Previously our jax and pytorch distributed fused-attn only enables v2 ck backends, not v3

Yes, but does it run different fused attn backend configs/kernels then non distributed ones? Or there is functionality concern of coexistence of them with RCCL?

In the distributed fused-attn (CP) pytest suite, the reference run is usually a single-GPU fused-attn with full seqlen (for example sq=skv=8192) using the default attn backend. The target run decomposes the single full-size fused-attn into 4 or 8 smaller fused-attn (for example, sq=sk=4096), runs those smaller fused-attn instances using the default backend and then "glue" the results in the CP way.

In my option, why we need to enable v3 for distributed fused-attn:
1). The decomposition may create new fused-attn configs not covered by our single GPU fused-attn pytests
2). The "glue" process actually tested the softmax_lse generated in fwd pass. If the softmax lse results are not correct, the glued results will be wrong. And our single GPU fused-attn pytest do not test softmax_lse at all.
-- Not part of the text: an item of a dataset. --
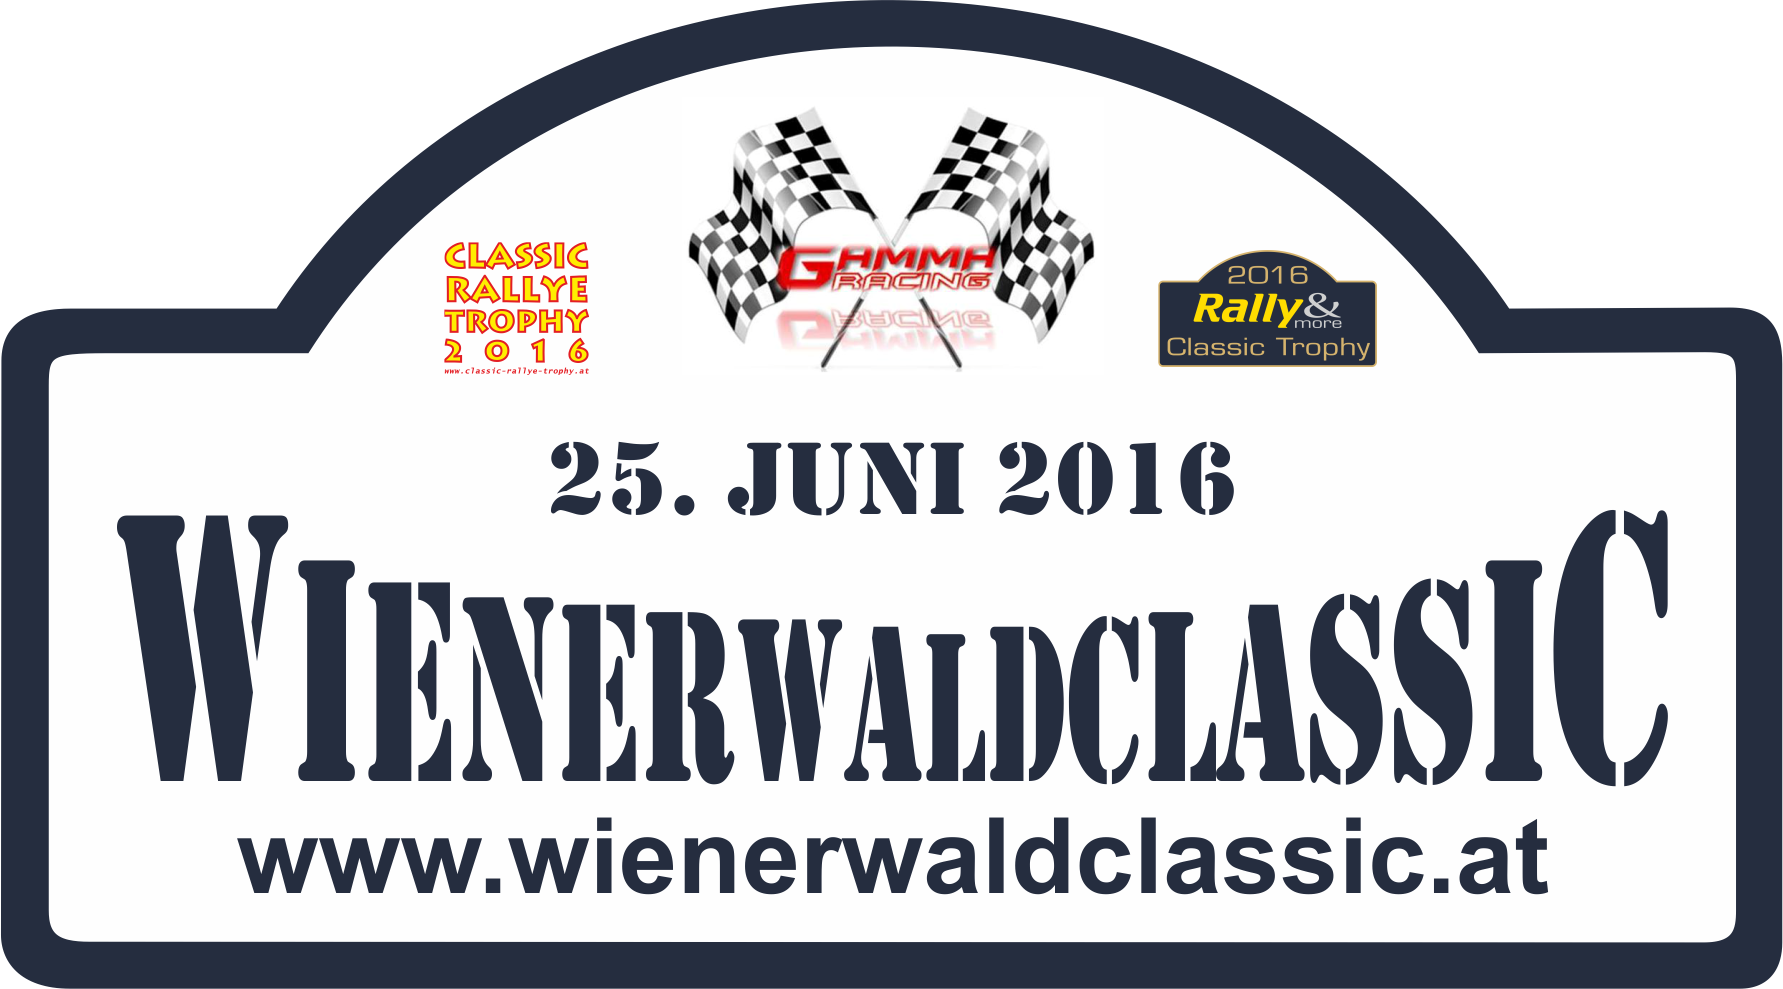 Wienerwaldclassic-2016 small

ipanfilo · 2025-11-10T15:32:56Z

ci/jax.sh

    *0.4.35*)
        # Workaround for distributed tests hang with xla_flag
 	    XLA_FLAGS="--xla_gpu_enable_nccl_comm_splitting=false" run 3 test_distributed_fused_attn.py -k 'not test_context_parallel_ring_attn'
+ 	    XLA_FLAGS="--xla_gpu_enable_nccl_comm_splitting=false" NVTE_CK_USES_FWD_V3=1 NVTE_CK_USES_BWD_V3=1 run 3 test_distributed_fused_attn.py -k 'not test_context_parallel_ring_attn'


This will run it with AOTriton too

Updated with a guard in the JAX ci script

With those changes env variables are not seen by run method - they are applied to test call only.
Using run_default_fa_lbl. All V3 calls should be labelled with "v3" to distinct them from regular test_distributed_fused_attn call

wenchenvincent · 2025-11-11T05:57:10Z

@Micky774 Could you rebase upon latest dev to incorporate the hot fix for the core sgpu tests?

wenchenvincent · 2025-11-14T02:22:35Z

@ipanfilo Could you check if all your comments have been addressed?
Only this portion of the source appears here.